Research Associate II (Pathobiology)
6-month contract. Bay Area, CA. Onsite, Hybrid, and Remote considered.
*Salary range between $35-40 /hour depending on experience*
The In Vivo Pathology (IVP) team within the Pathobiology department of a leading Biopharma company is seeking a Research Associate II to support the management of downstream pathology workflows in support of pre-clinical in vivo pharmacological studies. This position will support drug development in diverse therapeutic areas such as fibrosis, inflammation, oncology, and virology.
A successful candidate will enjoy process optimization, management, working in a team; carefully follow scientific protocols and apply meticulous attention to detail. This individual will also be responsible for utilizing and maintaining the inventory tracking and study management tools in the lab, they'll be highly organized, with excellent written and verbal communication skills.

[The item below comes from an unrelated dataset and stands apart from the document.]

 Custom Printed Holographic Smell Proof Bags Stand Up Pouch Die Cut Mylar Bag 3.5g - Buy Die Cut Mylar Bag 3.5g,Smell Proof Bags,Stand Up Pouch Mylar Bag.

Knowledge, Experience and Skills
- Bachelor's degree or higher in an area of biological, medical, or relevant scientific field.
- Strong scientific communication, critical thinking, and problem-solving ability.

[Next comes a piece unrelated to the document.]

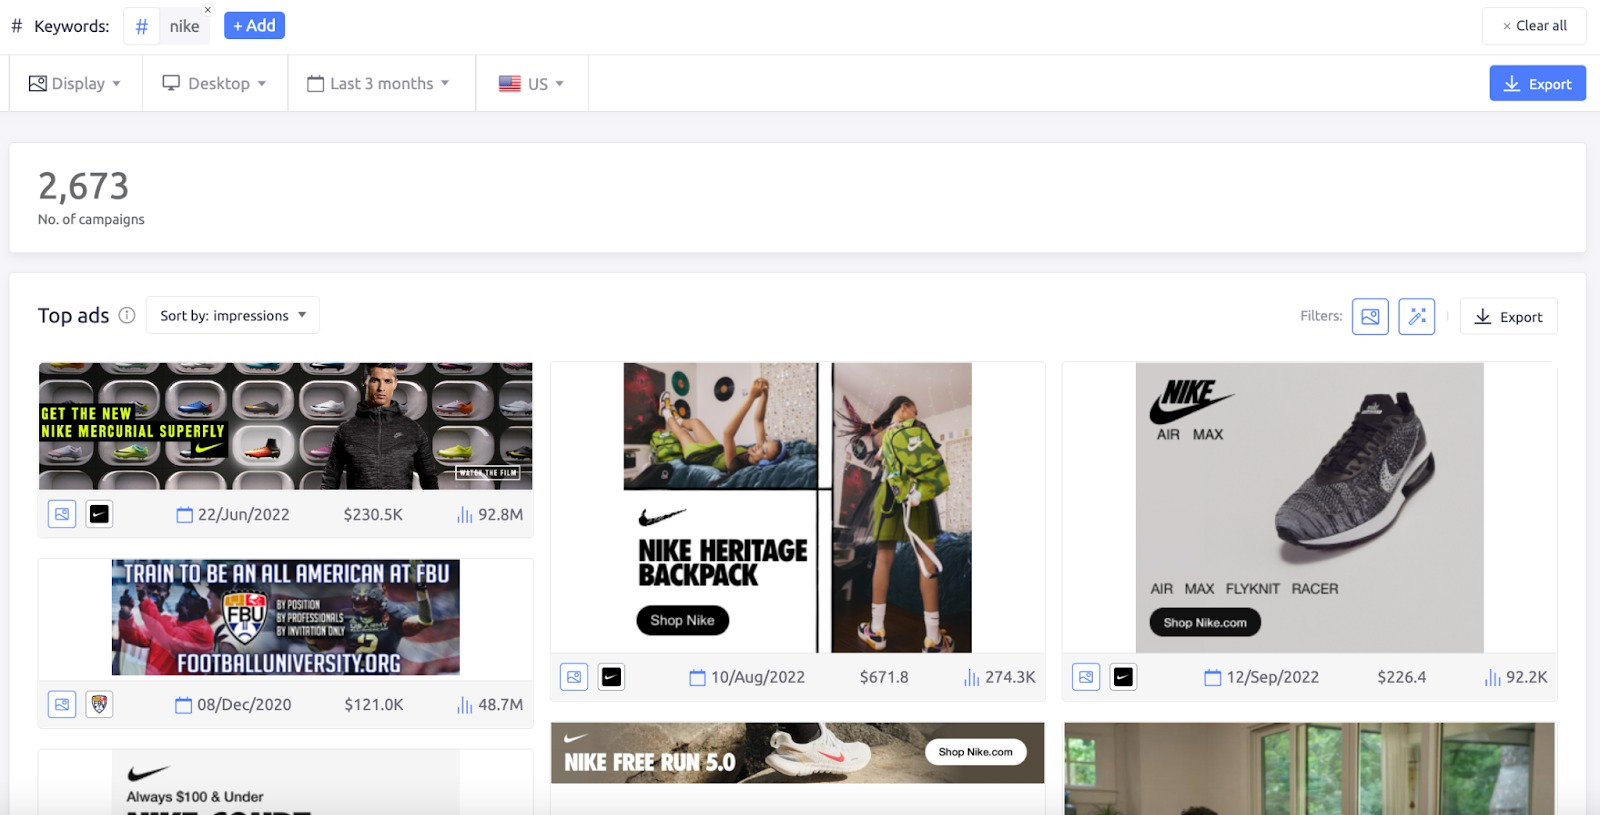 The AdClarity app shows the top display ads for Nike.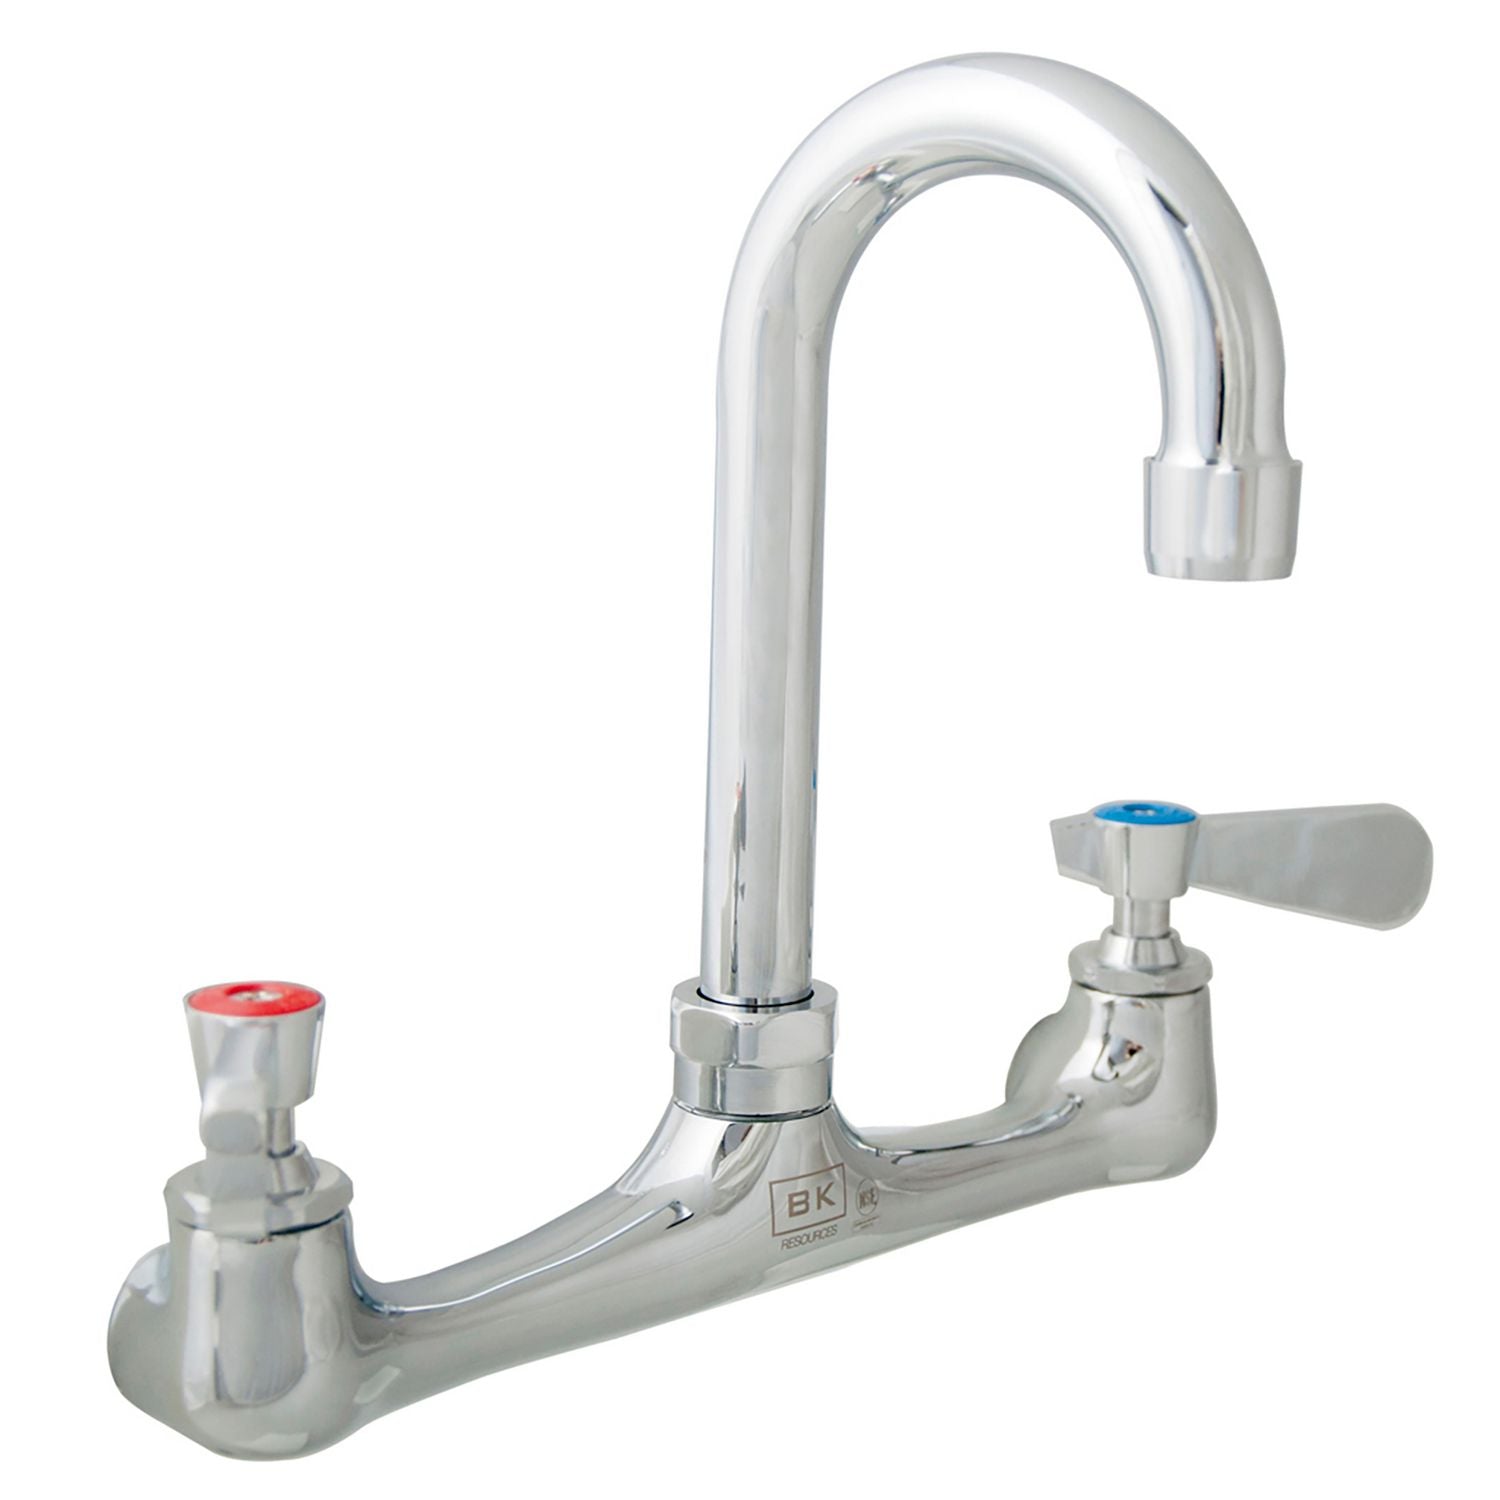 workforce-standard-duty-faucet-1238-height-8-reach-chrome-plated-brass-ships-in-4-6-business-days_bkebkfw8gm - 1

- Advanced planning, organization, and process management skills.
- Complete working knowledge of Word, Excel, and PowerPoint.
- Experience with statistical analysis software (i.e., PRISM GraphPad, Spotfire).
- Experience using database and tracking tools (i.e., Smartsheet, SharePoint, MS Projects).
- Highly motivated with a "can do" attitude and commitment to work as part of a team.
- Project and/or study management experience.
- Histology and/or Pathology Lab experience.
Essential Duties and Job Functions
- Support the management of pathology workflows in support of pre-clinical studies.
- Coordinate with external partners, to include CROs and academic collaborators.
- Ensure all related work and data generation is in alignment with internal methods and standards.
- Manage sample tracking and communicate updates and instructions to downstream stakeholders.
- Contribute to the development of Standard Operating Procedures (SOPs) and Best Practices.
- Track the development and implementation of histology assays.
- Maintain standardization of histology sample collection, processing, storage, and analysis.
- Work with Pathologists to communicate project status, QC data, and create pathology reports.
- Compile quantitative image analysis data.